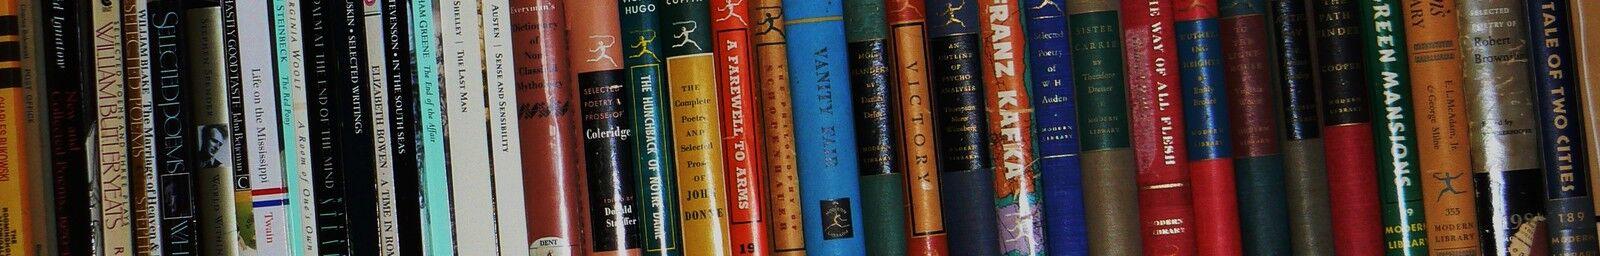 Scholar and Poet Books
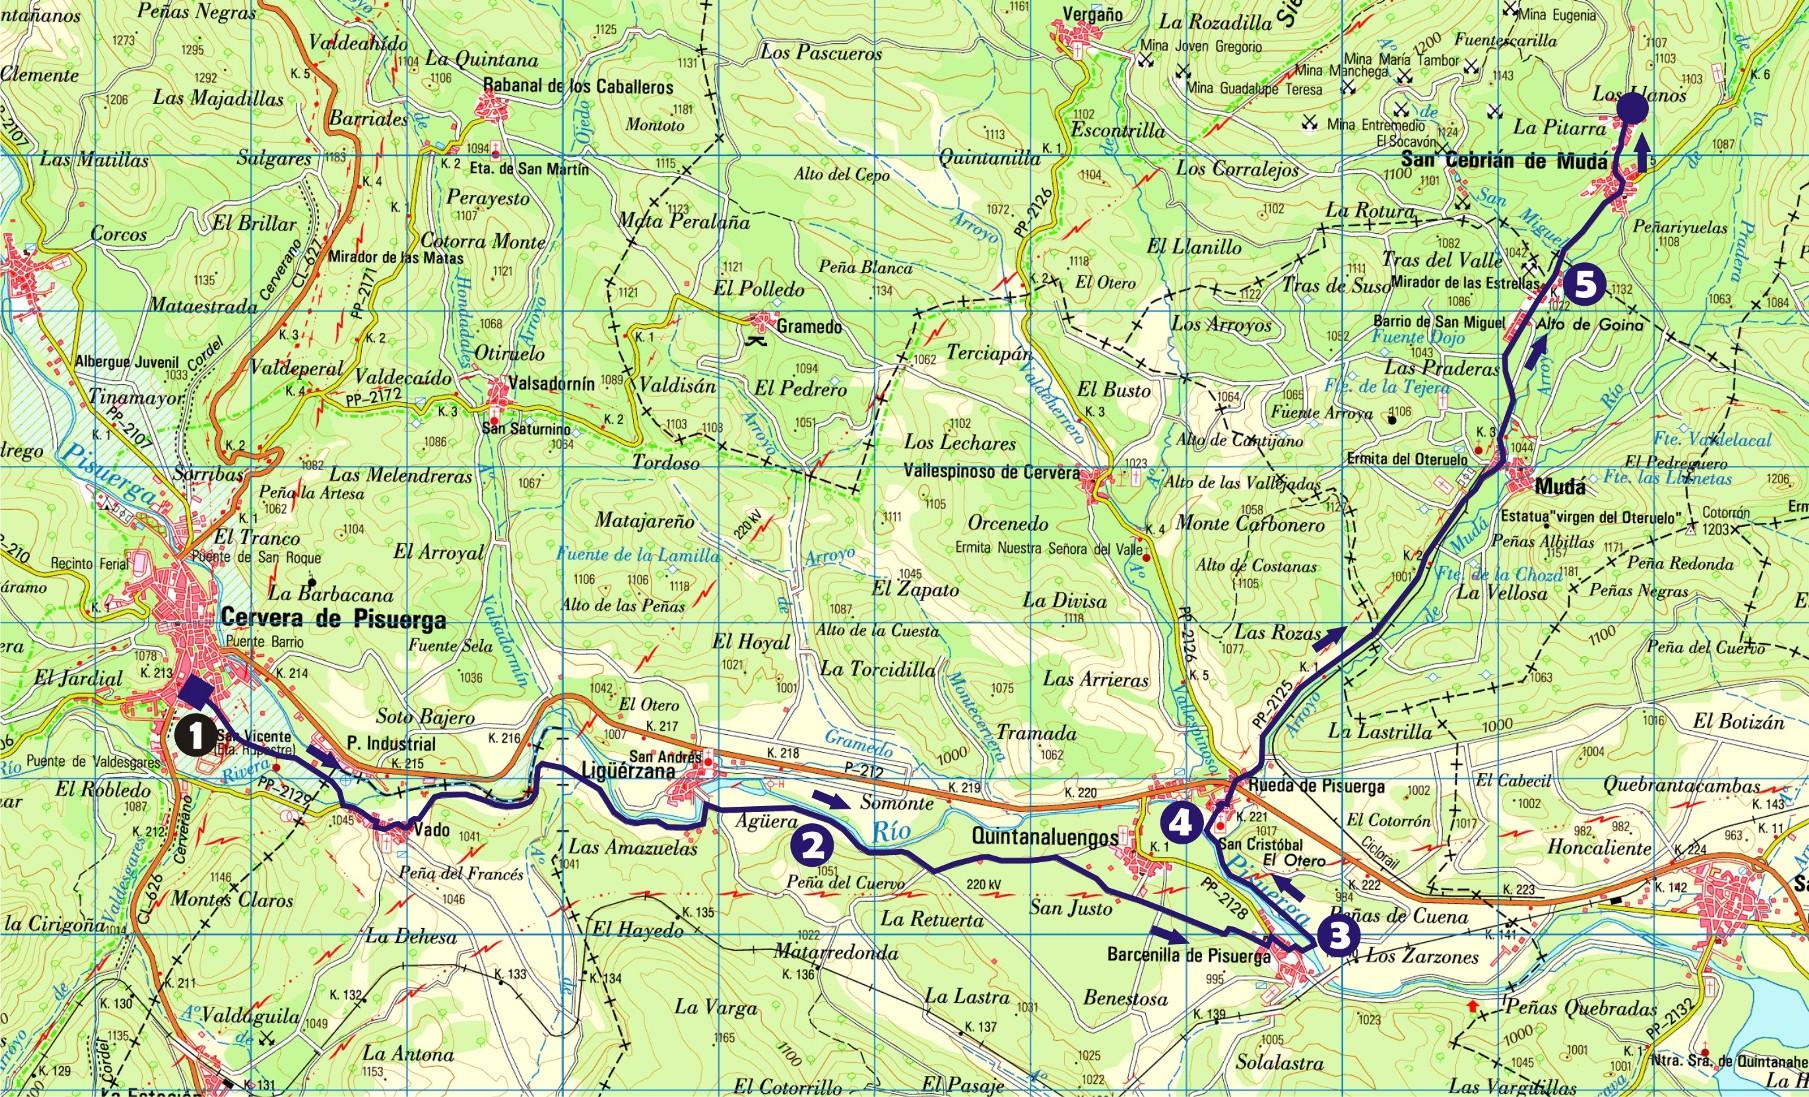 Ruta a la Reserva del Bisonte Europeo (33 kms.)
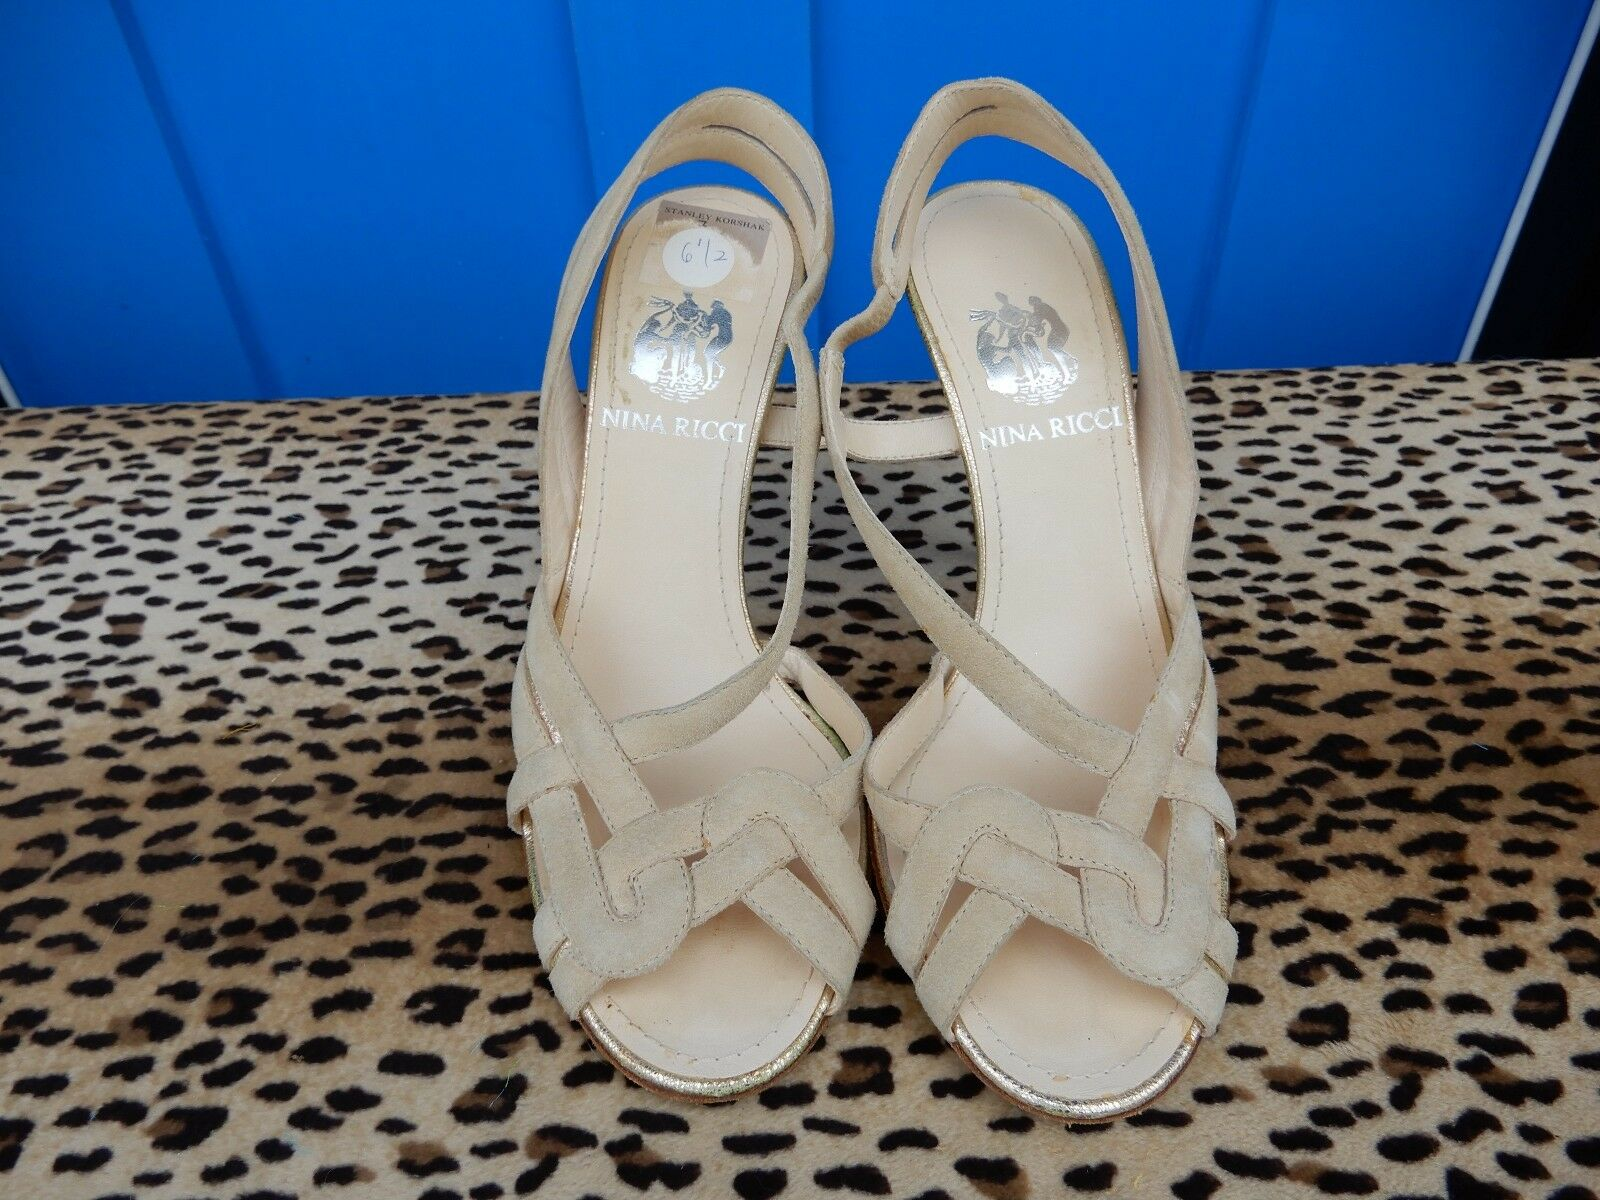 Nina Ricci Talla 37 7 Beige Gamuza Con Con Con Tiras Charol Tacones 4  sandalias de oro acento  descuento de ventas

__WHAT IS BEING ASKED__
Write the data out again exactly, but without its images.

__EXERCISE ANSWER__
 Scholar and Poet Books
 Ruta a la Reserva del Bisonte Europeo (33 kms.)
 Nina Ricci Talla 37 7 Beige Gamuza Con Con Con Tiras Charol Tacones 4  sandalias de oro acento  descuento de ventas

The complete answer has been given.